We can consider the sequence space R Z , which becomes a Polish space (complete,...

We can consider the sequence space ${\mathbb{R}}^{\mathbb{Z}}$, which becomes a Polish space (complete, separable metric space) when equipped with the product topology. In the theory of stochastic processes, one is frequently interested in probability measures on this space.
A classical result on measure theory in Polish spaces tells us that any probability measure $\mu$ on a Polish space $X$ is tight: given $ϵ>0$, then there is a compact set $K_{ϵ}\subseteq X$ such that $\mu (K_{ϵ})>1-ϵ$.

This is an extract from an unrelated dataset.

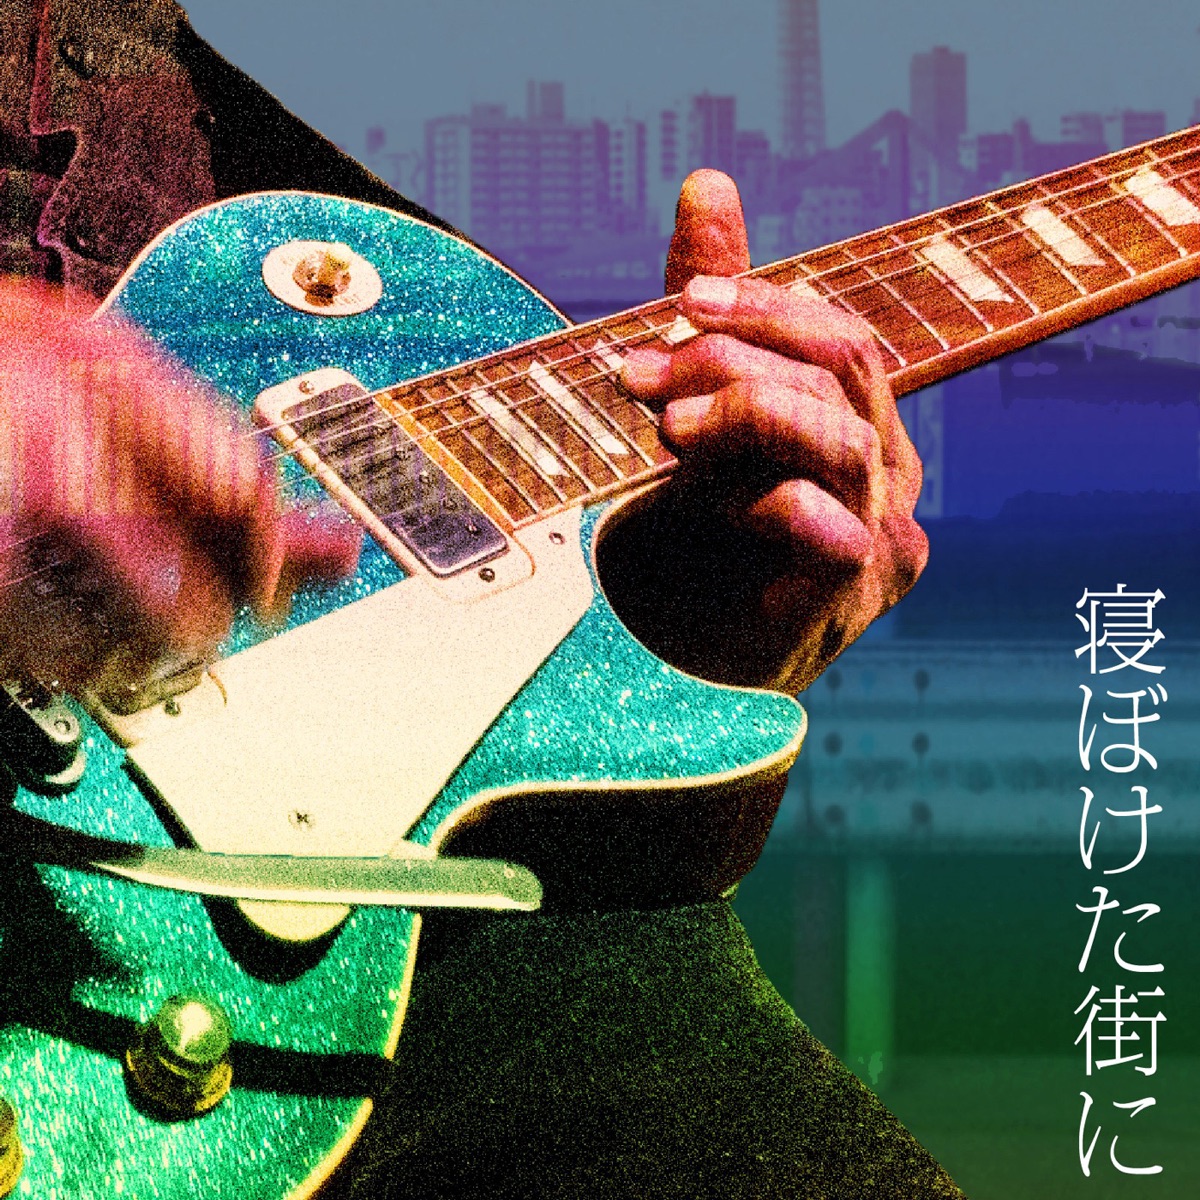 Cover art for『Kazuyoshi Saito - 寝ぼけた街に』from the release『Sleepy City - Neboketamachini

Hence any product probability measure on ${\mathbb{R}}^{\mathbb{Z}}$ is tight.
Say we fix an i.i.d. probability measure $\mu$ on ${\mathbb{R}}^{\mathbb{Z}}$. Precisely, $\mu (\prod A_i)=\prod \nu (A_i)$ for some probability measure $\nu$ on $\mathbb{R}$.
Is there a nice, concrete proof that $\mu$ is tight (independent of $\nu$)?
The reason I ask is tightness is somewhat counter-intuitive here. For instance, if $\nu$ has unbounded support, then, for each $M>0$, the set $\{k\in \mathbb{Z}\mid |x_k|\ge M\}$ is infinite almost surely under $\mu$ (by the 0-1 law). Thinking along those lines, it's not easy to see $K_{ϵ}$ intuitively.